* What you need to do
Repeat exactly the lines beginning at the one that contains "In fact, death" and running to the end of the material. Omit the pictures.
Segment Start: Collected material
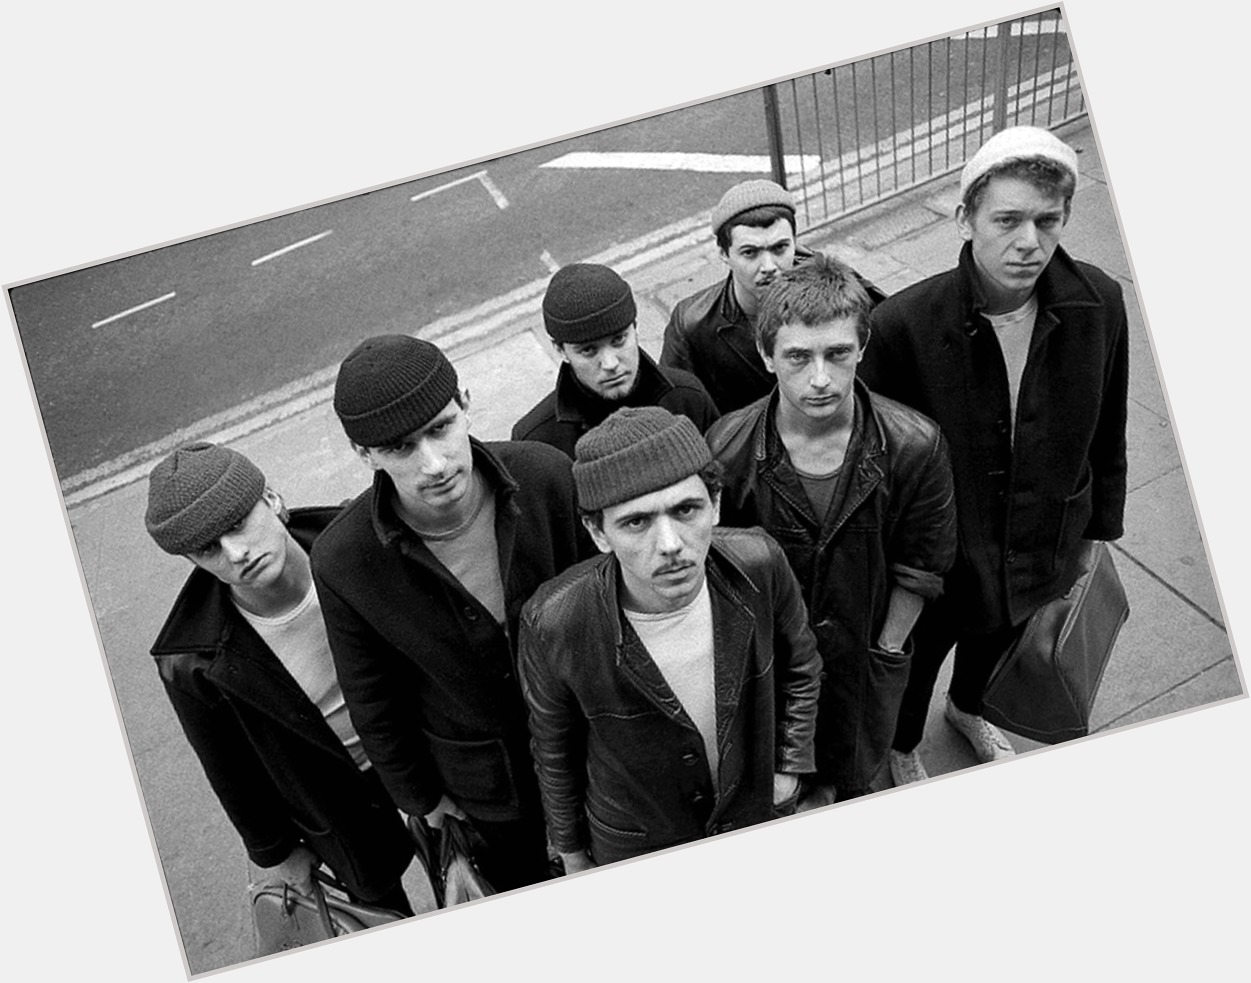 Dexys Midnight Runners exclusive hot pic 10.jpg
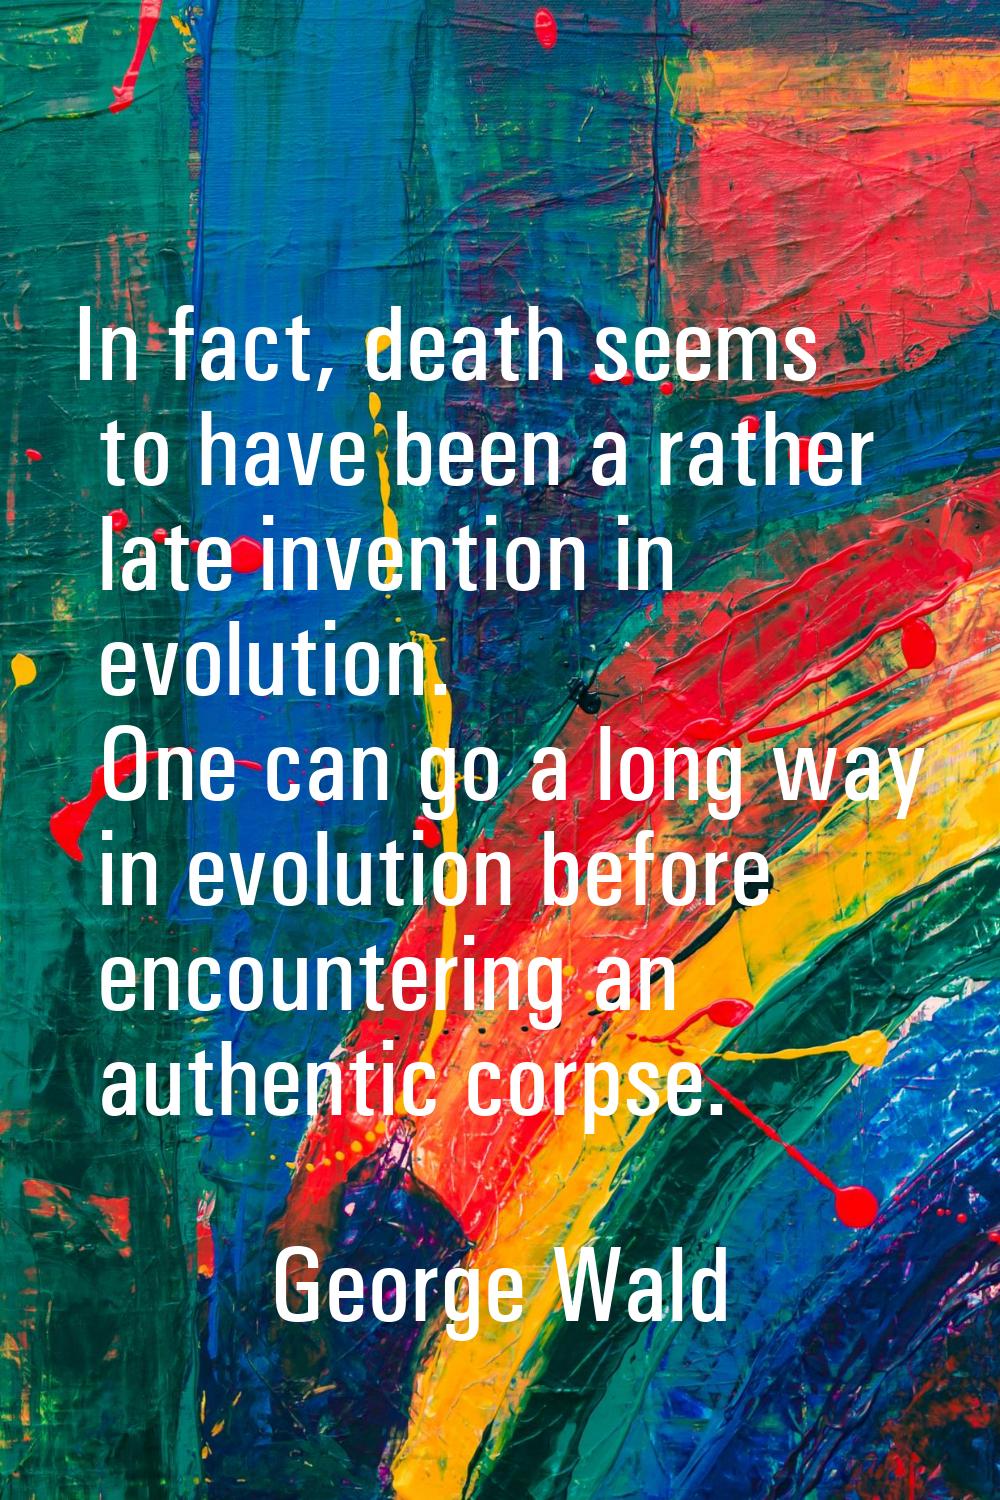 In fact, death seems to have been a rather late invention in evolution. One can go a long way in ev
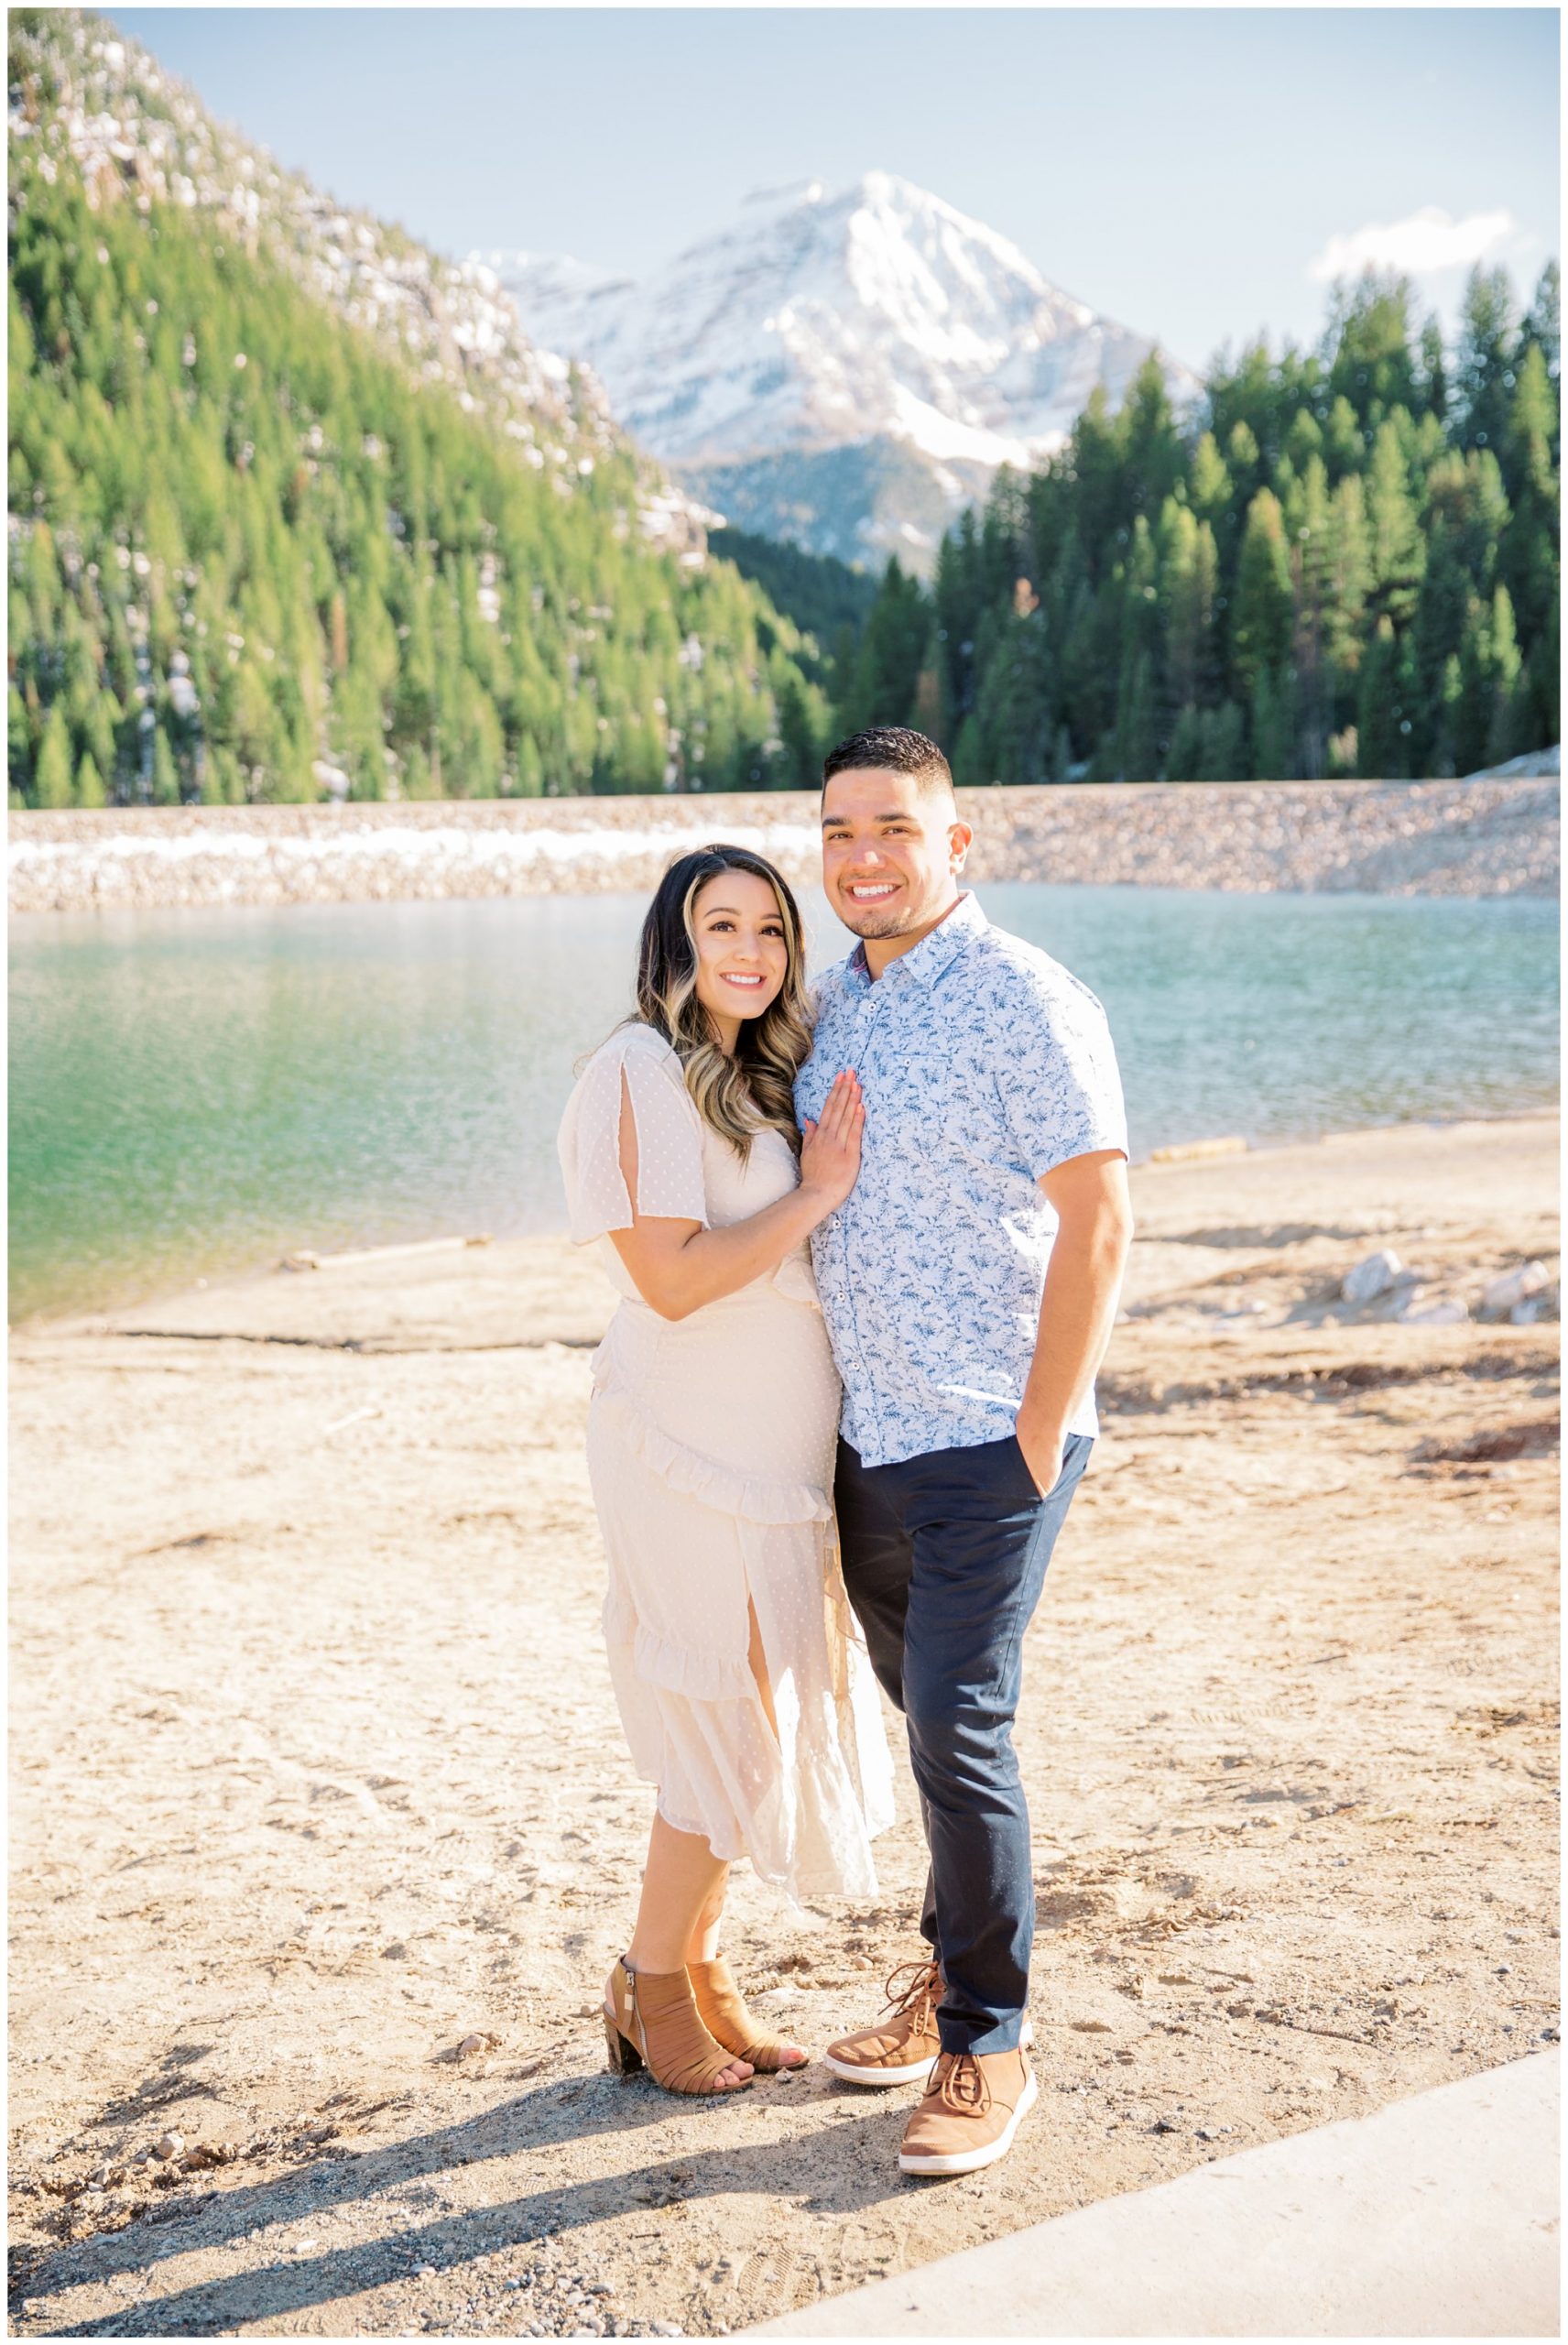 Engagement pictures at tibble fork reservoir in Utah up Provo Canyon
Segment End: Collected material
* Completed exercise
 In fact, death seems to have been a rather late invention in evolution. One can go a long way in ev
 Engagement pictures at tibble fork reservoir in Utah up Provo Canyon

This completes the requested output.